Key Results and Contributions:

• State-of-the-art 1.7B Model: The e3 recipe, applied to fine-tune a Qwen3-1.7B model on the DeepScaleR dataset (up to a 16k token training budget), achieved the best-known performance for models under 2B parameters on AIME'25 and HMMT'25 benchmarks.
• Strong Extrapolation: The e3-1.7B model demonstrated consistent performance improvement when extrapolating test-time compute up to 32k tokens (2x its maximum training budget), outperforming even some larger 7B/32B models in this extrapolation regime.
• Improved Pass@k: e3 not only improves pass@1 scores but also pass@k (e.g., pass@32) over the base model, indicating it discovers new solutions through exploration rather than just "sharpening" the distribution around known good solutions.
• Principled Recipe: The paper provides a clear, three-part recipe and analyzes each component's role in enabling in-context exploration and test-time compute extrapolation.
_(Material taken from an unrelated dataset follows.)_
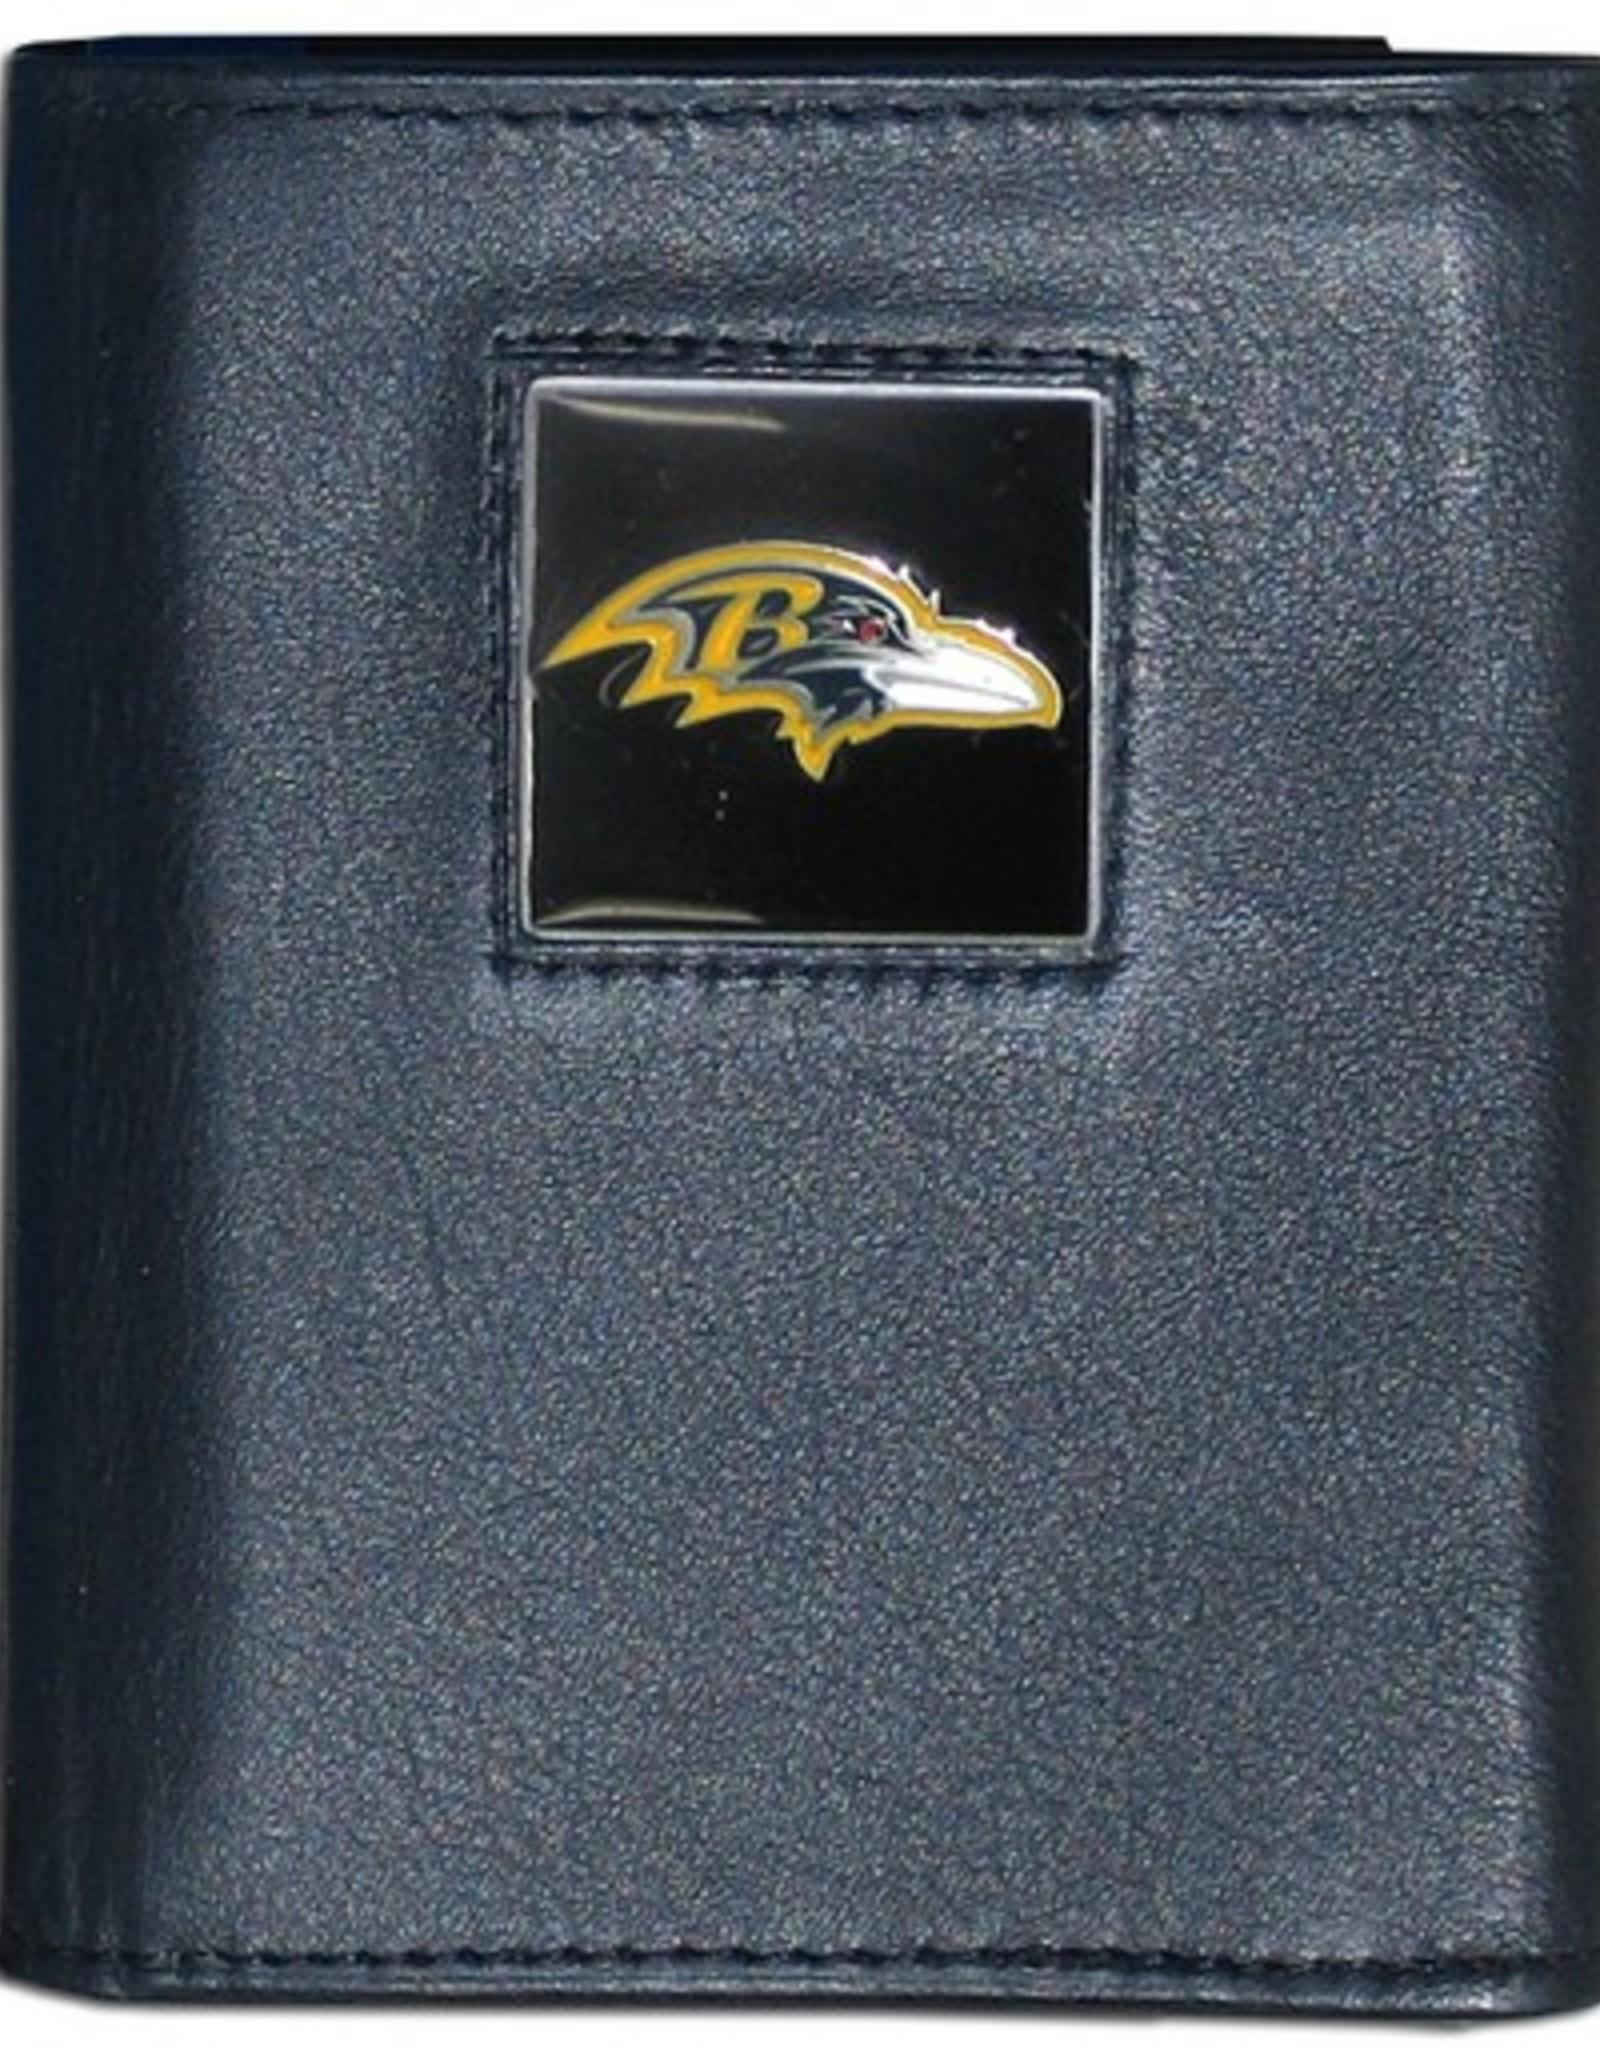 SISKIYOU GIFTS Baltimore Ravens Executive Black Leather Trifold Wallet
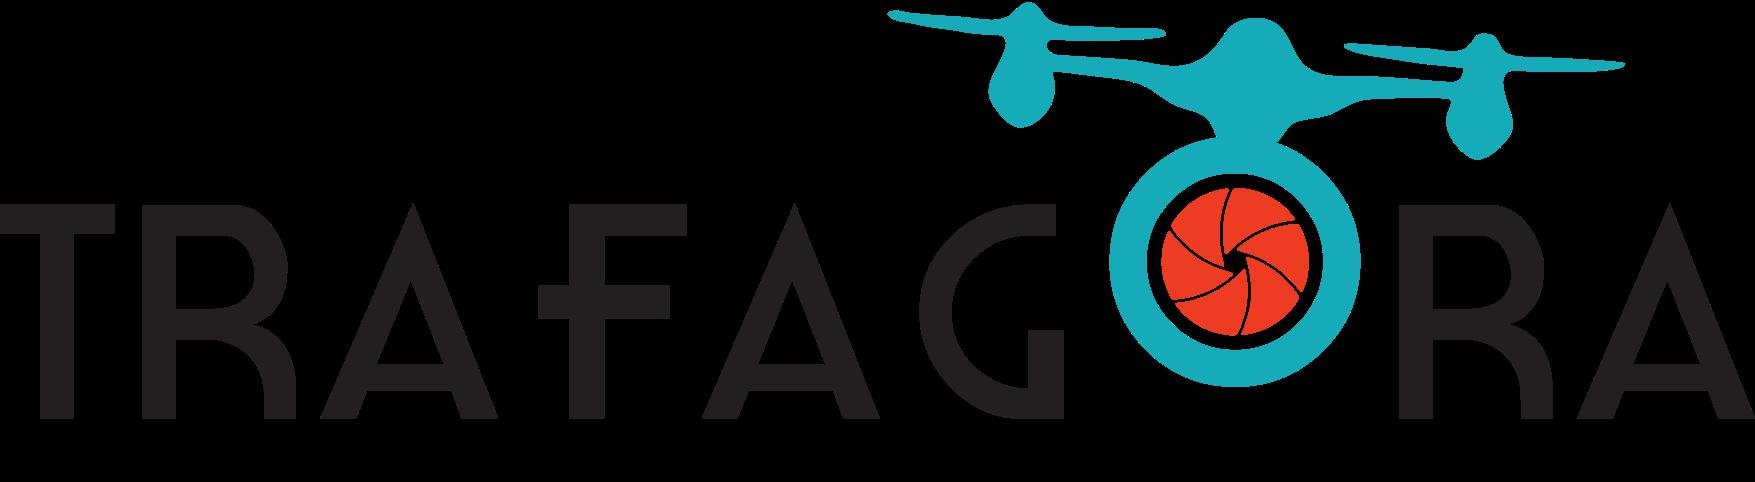 Trafagora

Implementation Considerations:

• Base Model Choice: The base model should ideally possess or be amenable to developing skill asymmetries (like a VG gap).
• RL Algorithm: The paper uses GRPO, but the principles regarding negative gradients are applicable to other policy gradient methods. Attention to hyperparameters like PPO clipping thresholds for off-policy updates is important.
• Curriculum Design: The coupled curriculum requires careful staging of data difficulty and training budgets. The provided formula offers a heuristic for budget selection at each stage.
• Computational Cost: Training with RL, especially at long sequence lengths and with curricula, can be computationally intensive, requiring multi-GPU setups. The paper notes using H100 GPUs and TPUs.

Practical Implications:

• Developing More Capable LLMs: e3 offers a path to train LLMs that can more effectively use increased inference-time compute to solve harder problems.
• Beyond Simple Scaling: It highlights that simply increasing training data or model size might not be enough; specific training strategies are needed to unlock extrapolative reasoning.
• Understanding RL in LLMs: The work provides insights into the mechanisms of RL fine-tuning, particularly the role of negative gradients and how they interact with model characteristics (asymmetries) and training setup (curriculum).

The paper concludes by discussing broader implications, such as the distinction between simple "sharpening" of model distributions versus genuine in-context exploration, the connection of curricula to dense rewards, and the potential for discovering and imbuing new types of asymmetries in LLMs.